Proper hygiene is required: you must be clean and odour free and nails finger-nails and toe-nails are to be cut short. Jewellery and watches must be removed during class. No singlets or zippers on the mat please. 

Once you commit to ongoing training you will be expected to purchase your own gi (training uniform). As a courtesy, we have some gi jackets available to borrow for new students.

By the time of your first grading you will certainly be expected to have your own uniform and Federation badges. These are available for purchase via your home academy.

Do you offer training in weapons?

Our Jiu-jitsu syllabus includes defence against club, short stick, staff, and knife defence techniques at higher grade levels.

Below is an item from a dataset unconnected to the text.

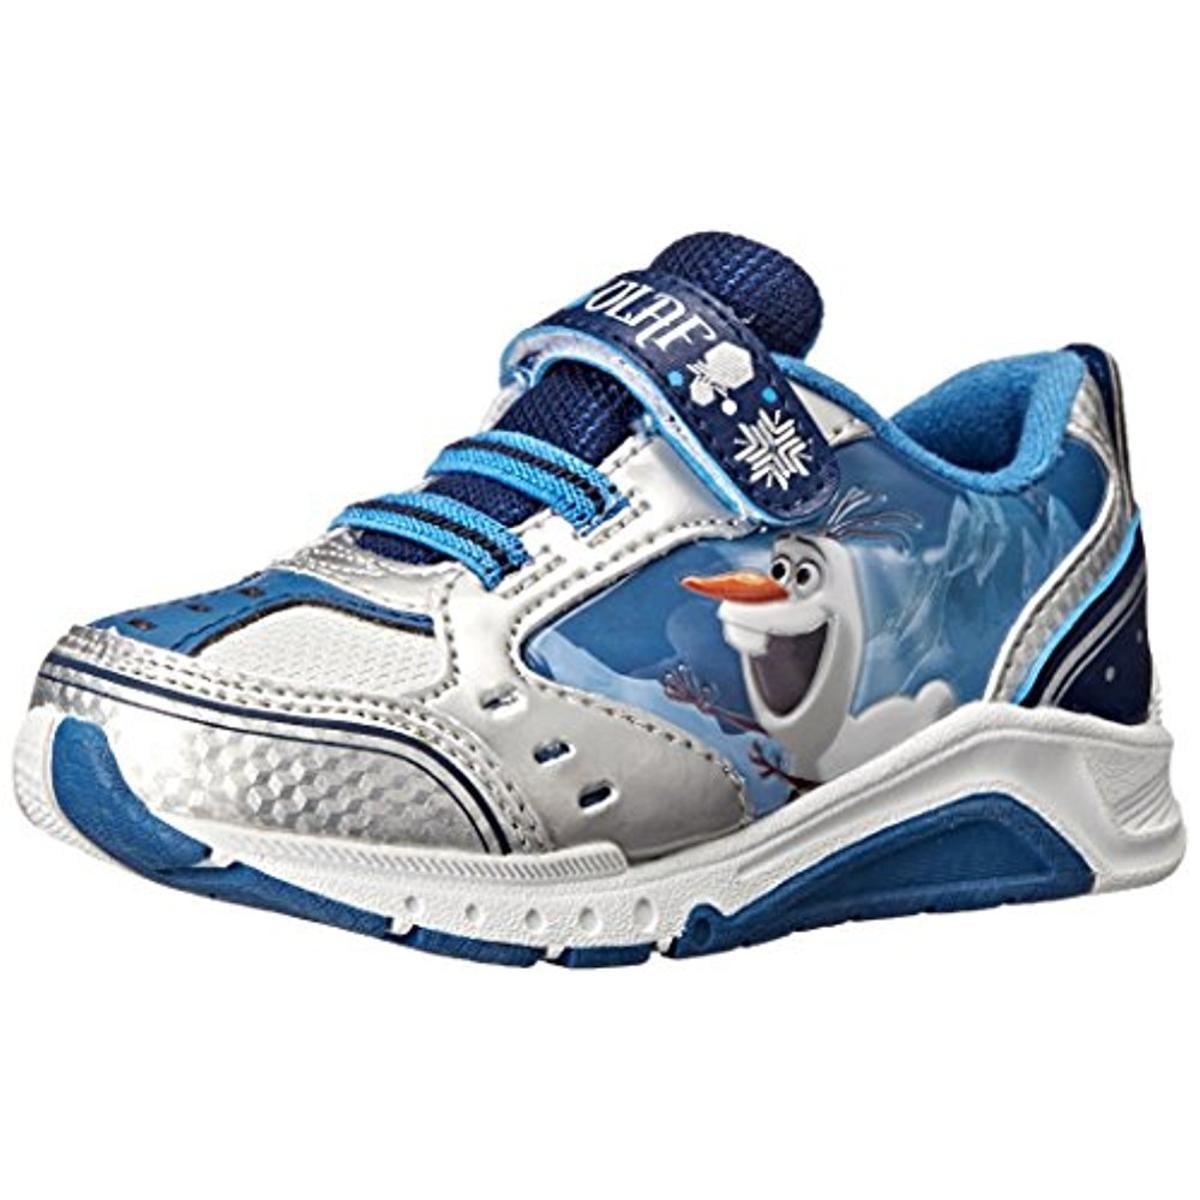 Disney Boys Olaf Frozen Light Up Tennis Shoes

In Kung Fu the higher grades learn a selection of traditional weapons sets, including Hung Kuen's dragon (nine foot) pole.

Should I cross-train with other martial arts schools?

While the trend is to study multiple styles of martial art, we prefer our students to remain only a student of our school in their developmental years.

Each martial art school is a culture in its own right with its own discourse. It has its own language and vocabulary, as well as its own methodology for choosing, analysing, and critiquing, interpreting, presenting and using knowledge. Each has its own way of thinking, looking at, and presenting knowledge, addressing themes, issues and problems that arise throughout a student's instructional career.

To learn at another school as well would be like having two fathers who do not communicate with each other, each having a different parenting style. Your developmental learning needs consistency and you cannot achieve this if your loyalty is divided between different schools. Students need to spend a few years getting a good working knowledge of one system to help limit the possibility of confusion between multiple styles and clash of organisational cultures.